======== Data excerpt ========

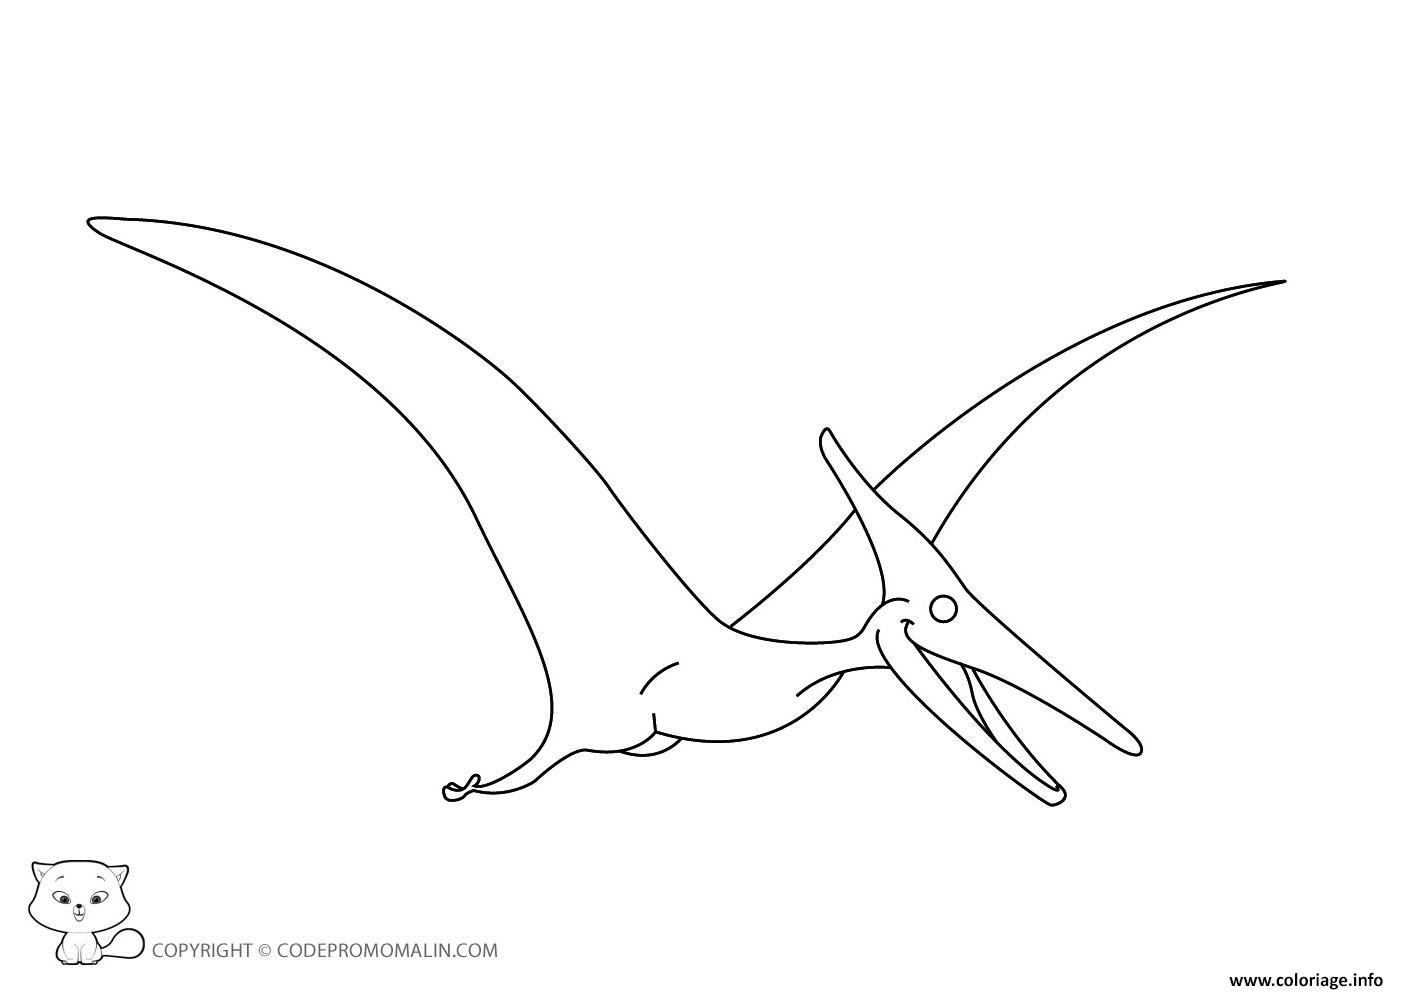 Coloriage Dinosaure 147 Dessin  Imprimer
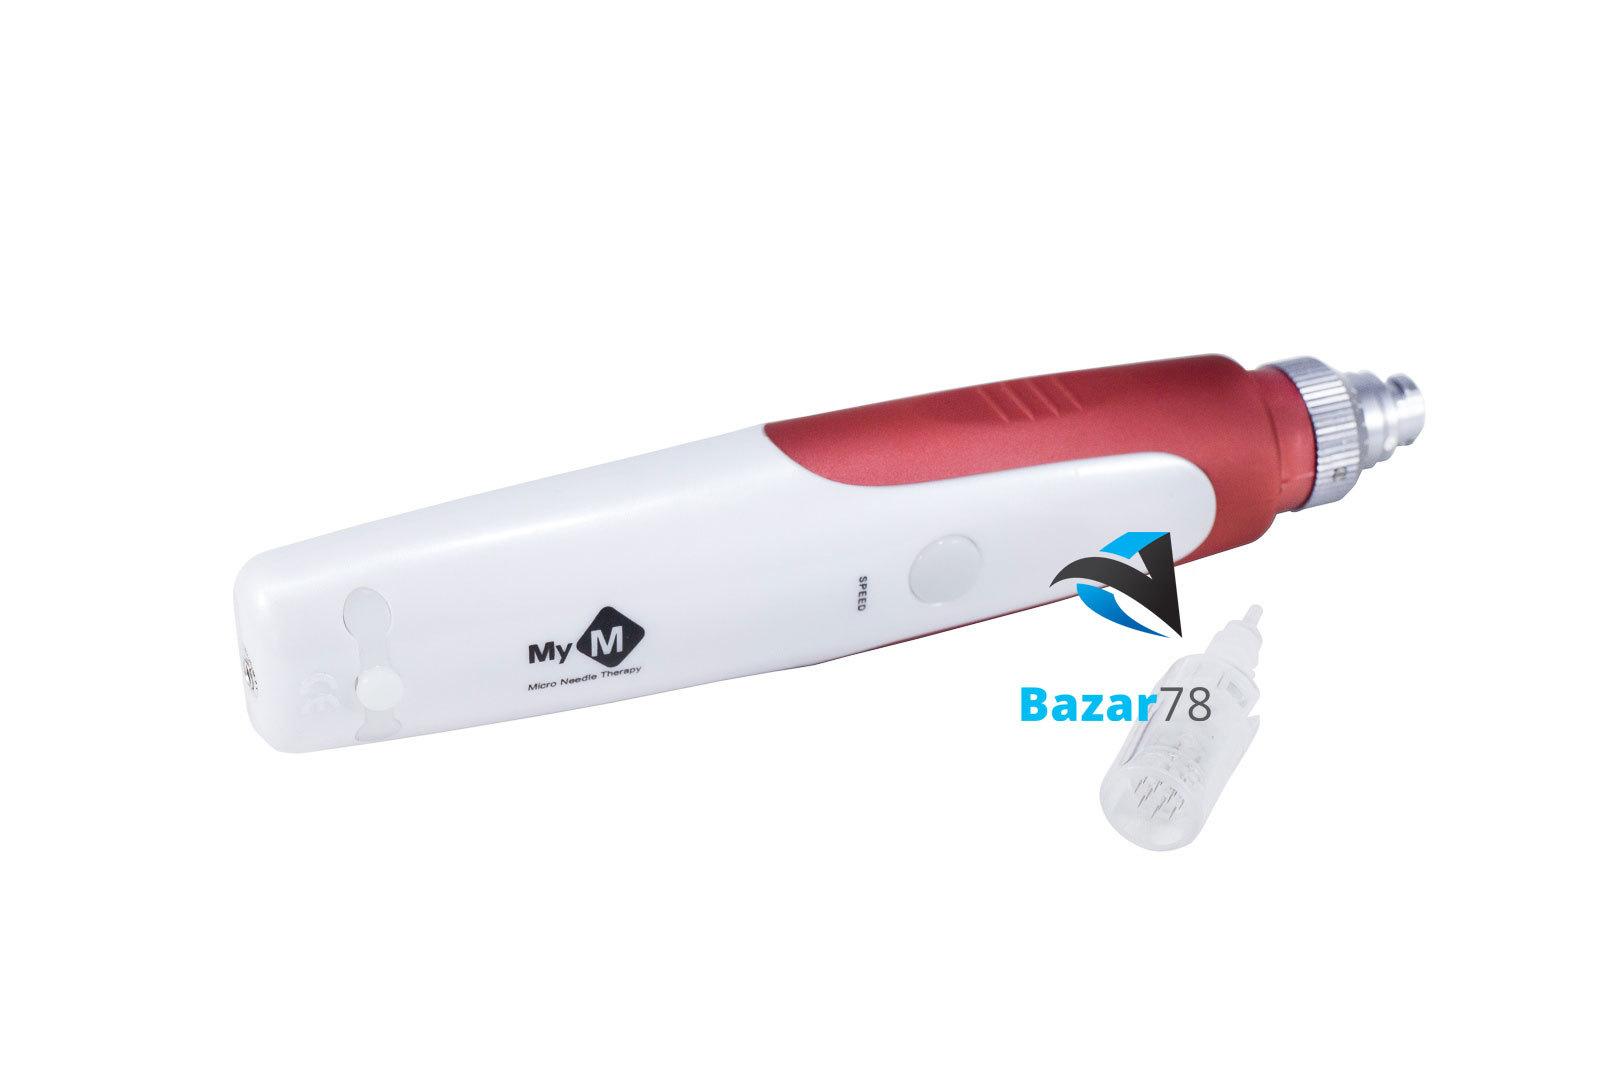 Аппарат для BB Glow фракционной мезотерапии My-M (Ultima )
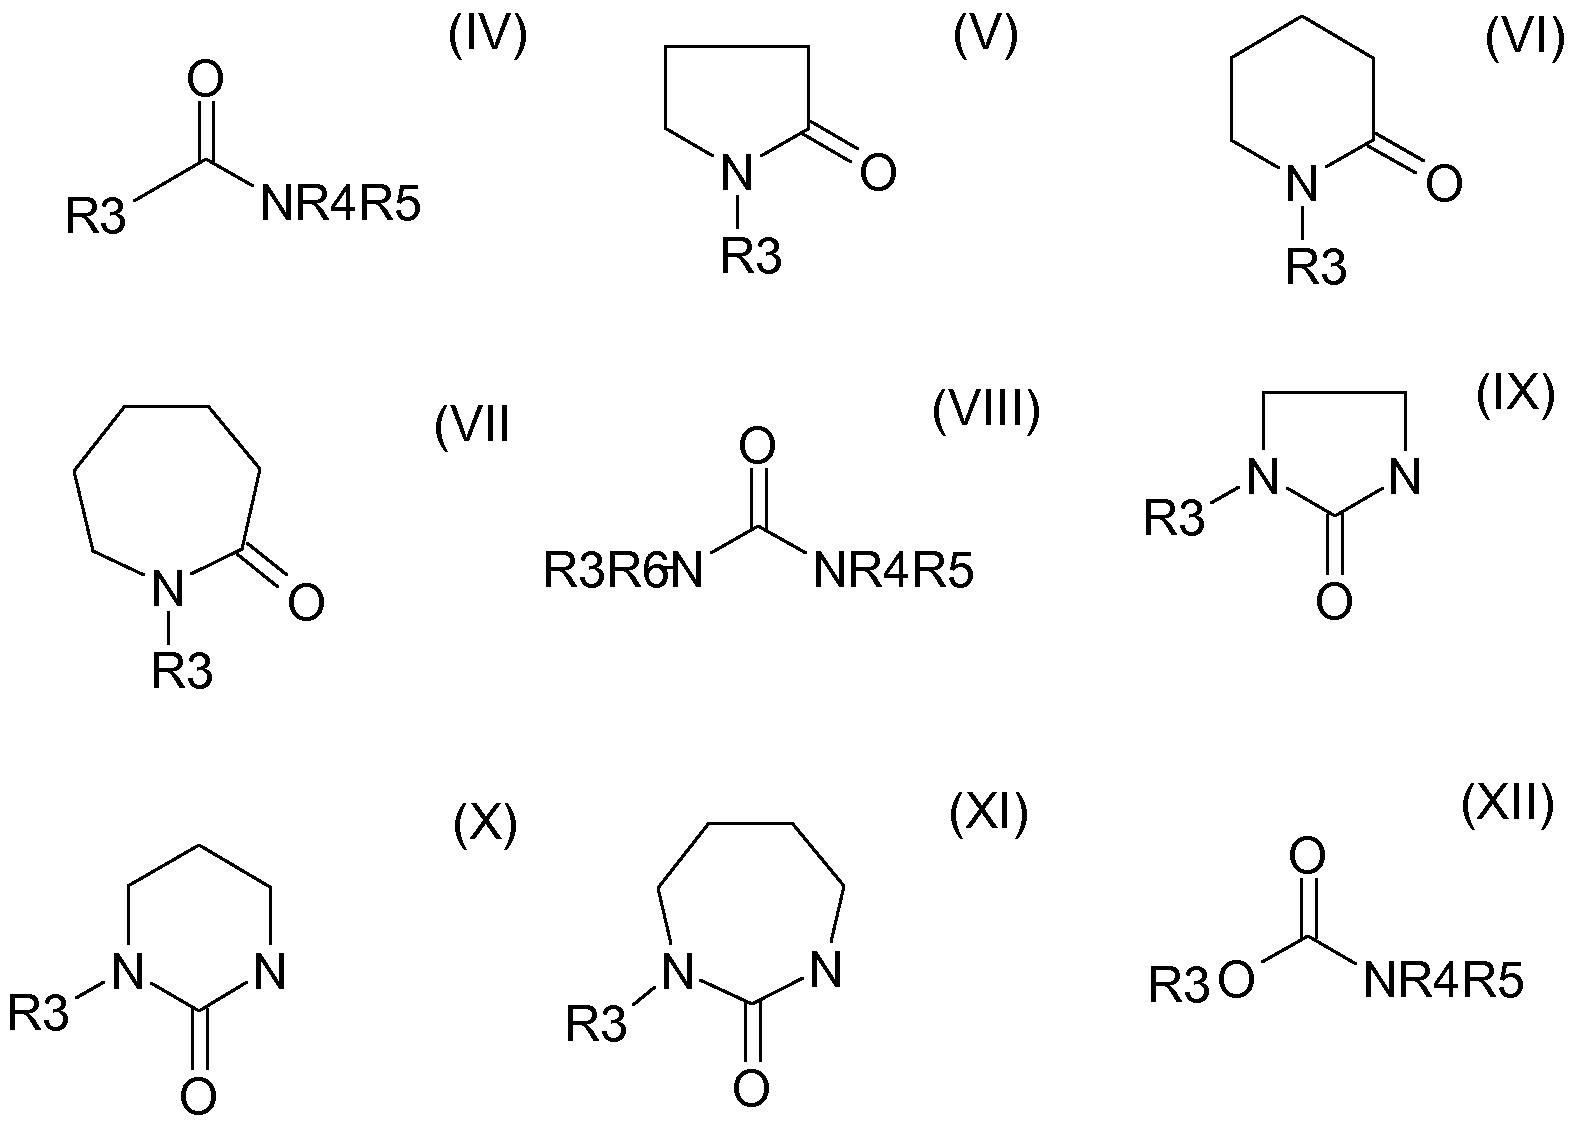 Monomer structure

========

Exercise prompt »
A verbatim copy of the listing, with all pictures removed, is required.

Expected output »
 Coloriage Dinosaure 147 Dessin  Imprimer
 Аппарат для BB Glow фракционной мезотерапии My-M (Ultima )
 Monomer structure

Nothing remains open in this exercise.